Foreign Direct Investment or as generally known as FDI is defined by many authors and institutions. As defined by (UNCTAD, 1993), “FDI refers to an investment made to acquire lasting interest in enterprises operating outside of the economy of the investor”, one of the most renowned and usually followed definition of FDI is that of IMF. (IMF, 2003) defines FDI as “A category of international investment that reflects the objective of the resident in one economy (known as direct investor) obtaining a lasting interest in an enterprise resident in another economy (known as the direct investment) where the investment is treated as direct investment when the direct investor has obtained 10 percent or more of the ordinary shares of that entity.
Understanding the importance of FDI in the global trade environment is very essential. The global FDI rose to $916 billion in 2005 an absolute 29 percent increase as compared to 2004 (World Investment Report, 2006). The top contributing TNC’s in the global FDI flows were General Electric, Vodafone and Ford motors as they had about $877 billion of foreign assets which was approximately 19% of the total foreign assets held by the top hundred TNC’s. In the developing world, Hutchison Whampoa (Hong Kong, China) kept the leading position with its foreign assets of $68 billion which accounted to around 17% of the total foreign assets held by the top 100 TNC’s from the developing world.

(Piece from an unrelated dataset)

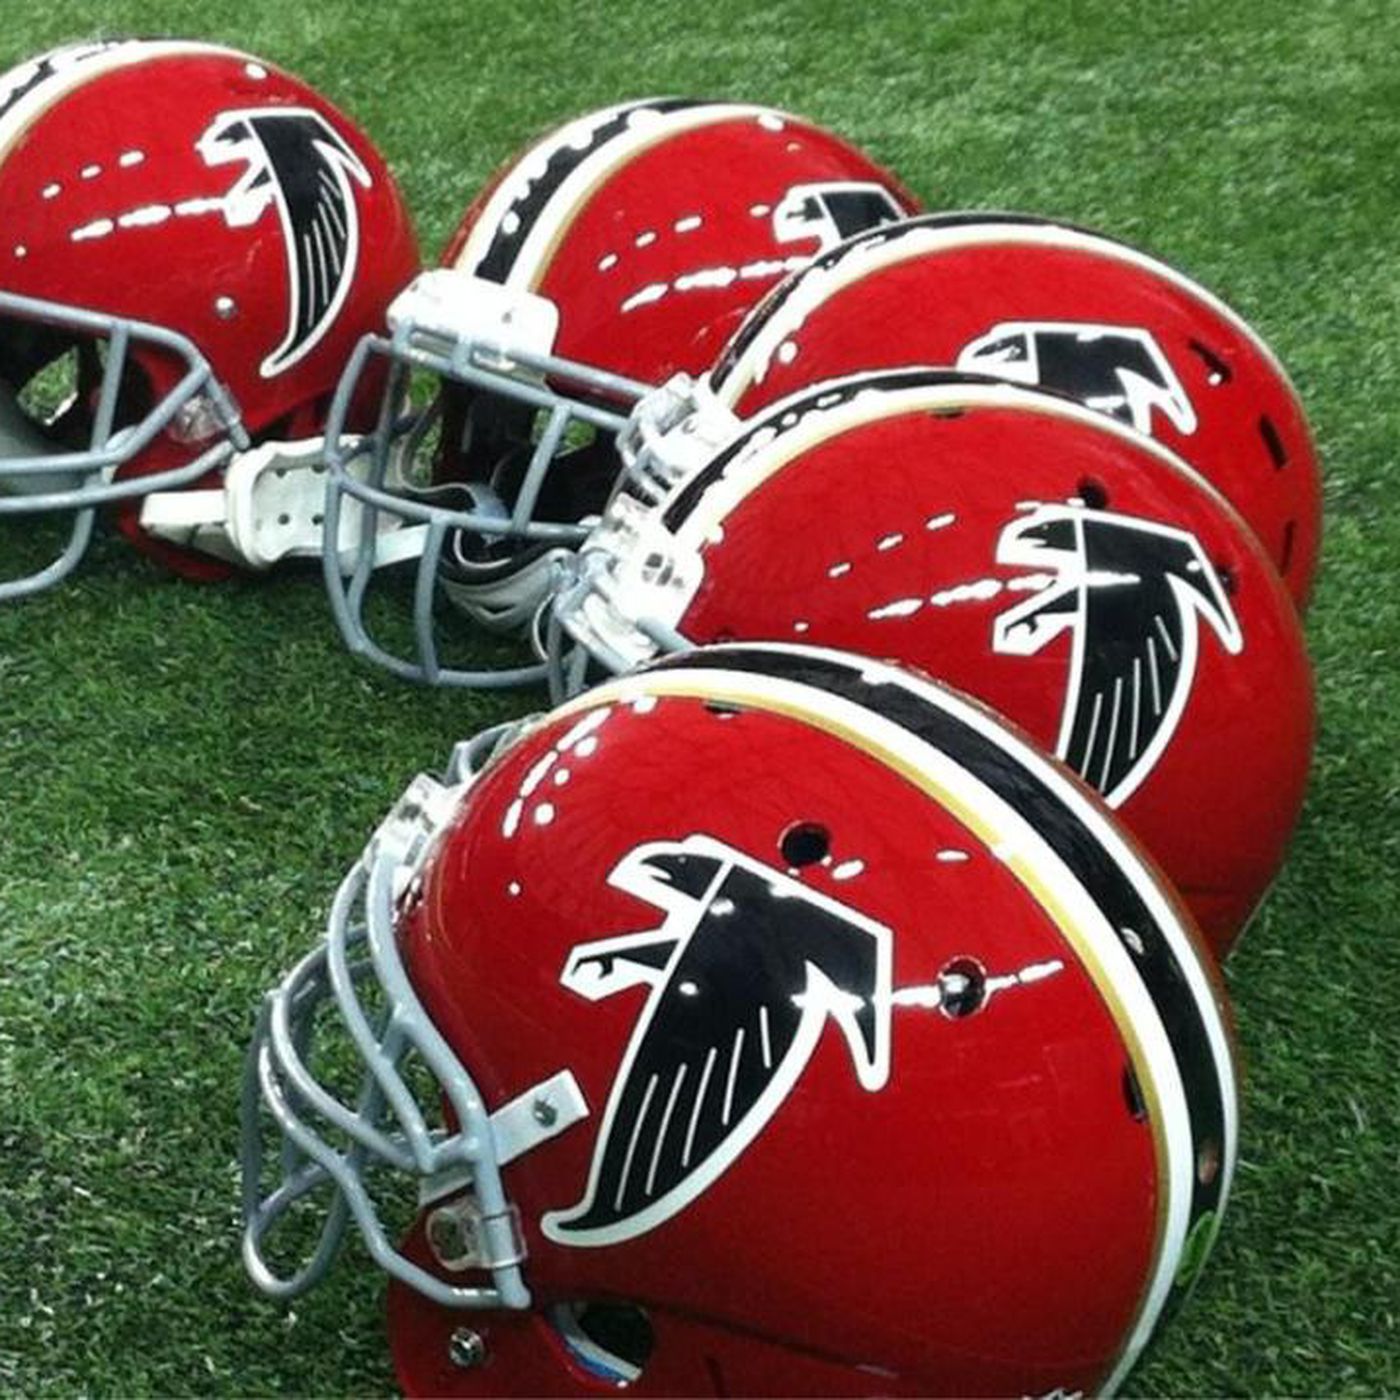 NFL teams can resume using alternate-color helmets starting in

The existing literature shows that the FDI trends have significantly changed in the past few years and that this significant change is also having an impact on the developing and emerging markets from the developing countries.
This project proposes to analyze the performance of India- an emerging economy in the post liberalisation period and by finding and scrutinizing the key sectors and determinants for Foreign Direct Investment (FDI) in the Indian market.

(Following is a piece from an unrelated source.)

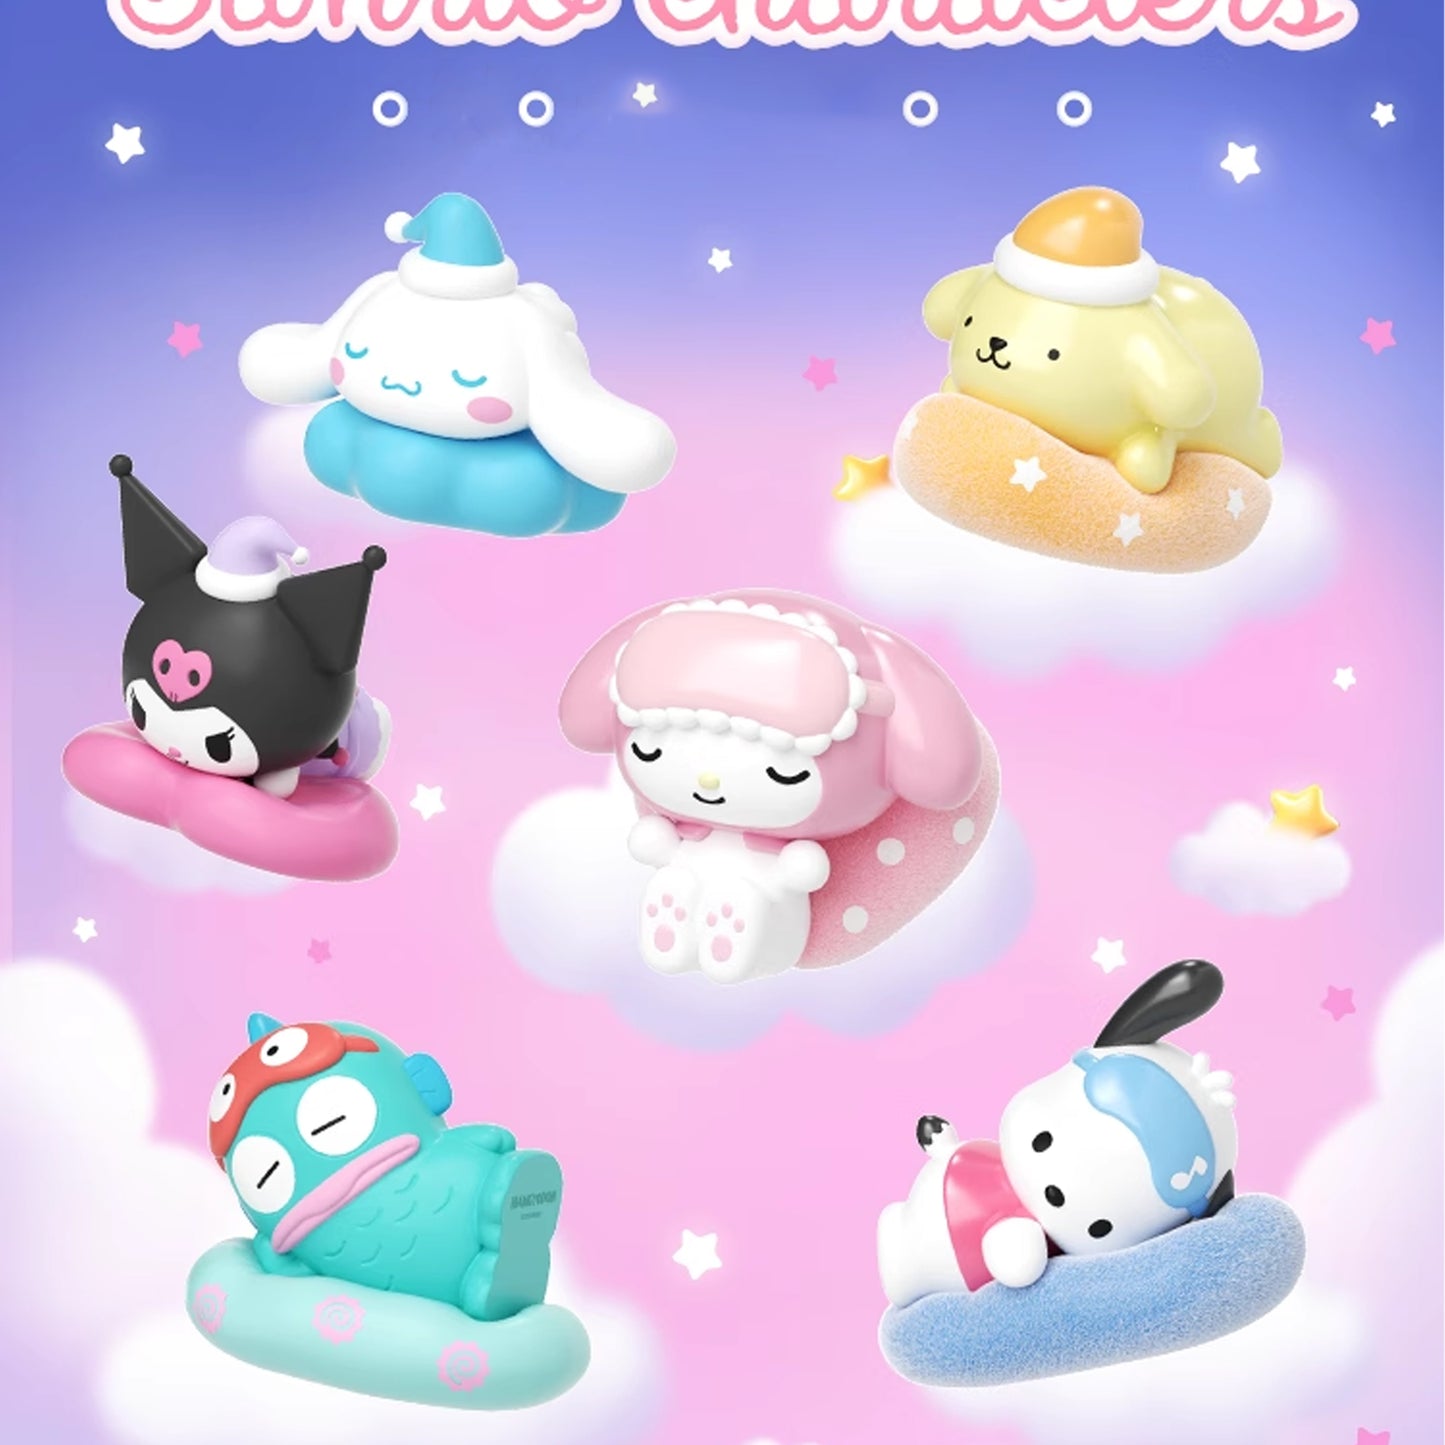 Sanrio Family Sweet Dream Series Mini Action Figures Blind Bag

“FDI and Economic growth- India ‘1991-2008′ ”.
During the past few years, there has been a significant transformation in the policies and approaches towards Foreign Direct Investment (FDI) on most of the developing countries. For instance the BRIC (Brazil, Russia, India & China) are attracting many foreign multinationals to invest in their economy. According to Salvotore, D (2007), FDI usually is long term and is regarded to be stabilizing the host country. The developing economies have realized the importance and advantage of FDI in boosting the industrialization and encouraging economic growth. The highly regulated FDI regime was liberalised and newer reforms in FDI policies were introduced in 2003. The economy also started boosting after the post liberalisation period i.e. 1991. Paula (2008) states that the relaxations in the FDI regulations in 2003 by the government of India have been a significant factor in augmenting the inflow of FDI in the Indian economy. Since 2003, enormous amount of FDI has come in India through multinational and international firms and various other foreign investors which led to the growth of the country.

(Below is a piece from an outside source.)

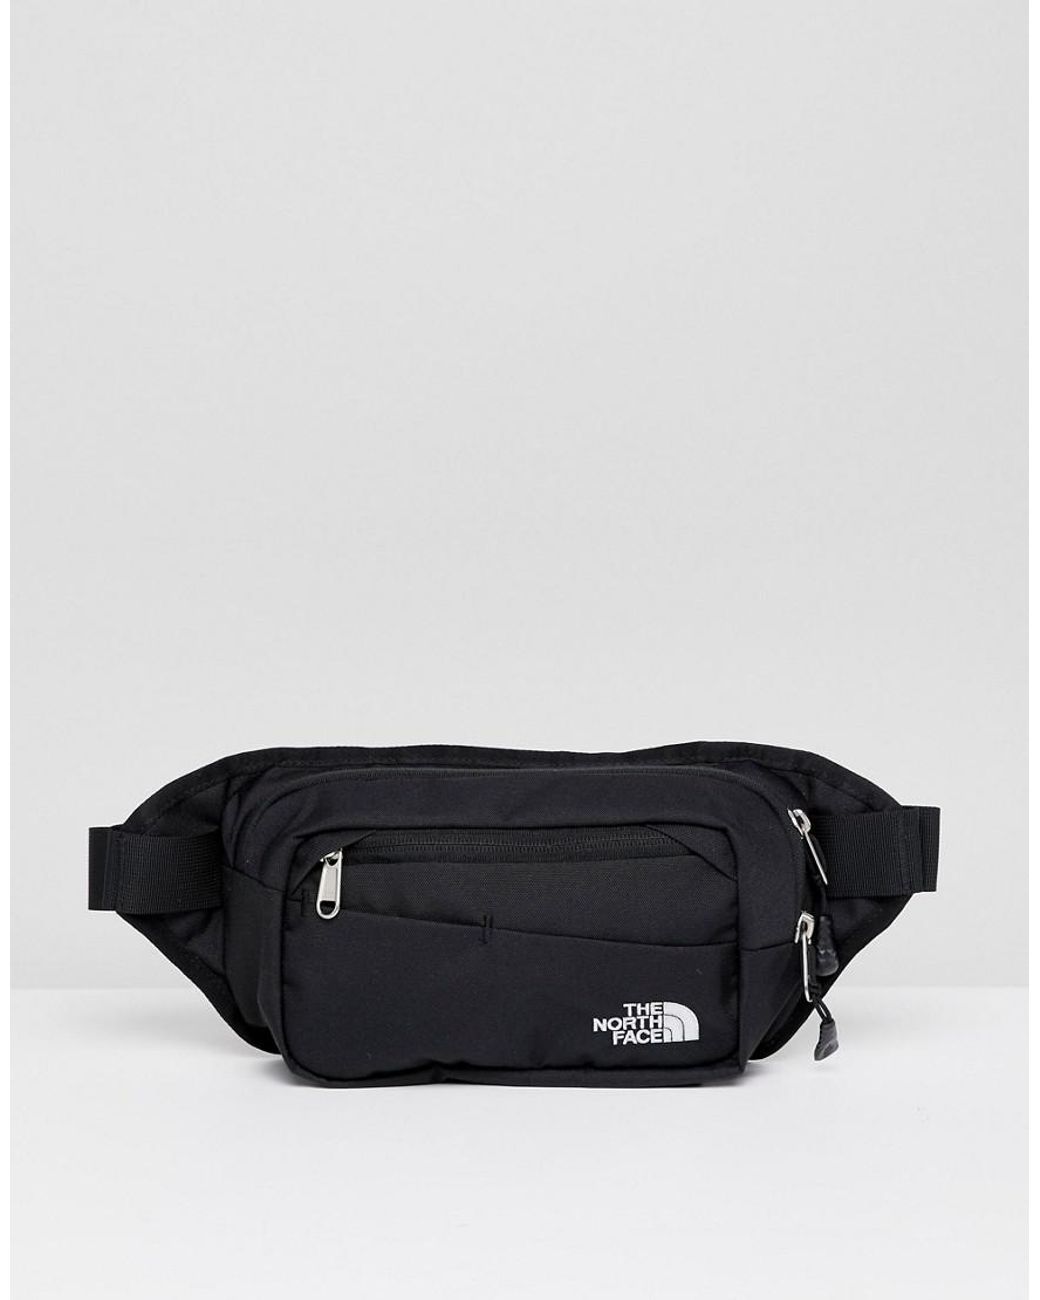 The North Face Bozer Hip Pack Ii Bum Bag In Black | Lyst

Therefore the proposed aim of my dissertation is to find out the determinants for the inflow of FDI in India and find out the key sectors which are most attractive for foreign investment in the Indian market.
The main objective of this research is to examine and assess the pros and cons of FDI and the factors responsible to the growth of the Indian economy and this will be achieved through:
Analyzing economic performance of India from 1991 to 2008.
Identification of whether FDI, directly or indirectly contributes to the economic development of the emerging economy like India.
Examination of the determinants of FDI in India
Investigation of key sectors for FDI in Indian market.
Determination of appropriate mode of entry for FDI inflow in the Indian market with reference to the market conditions.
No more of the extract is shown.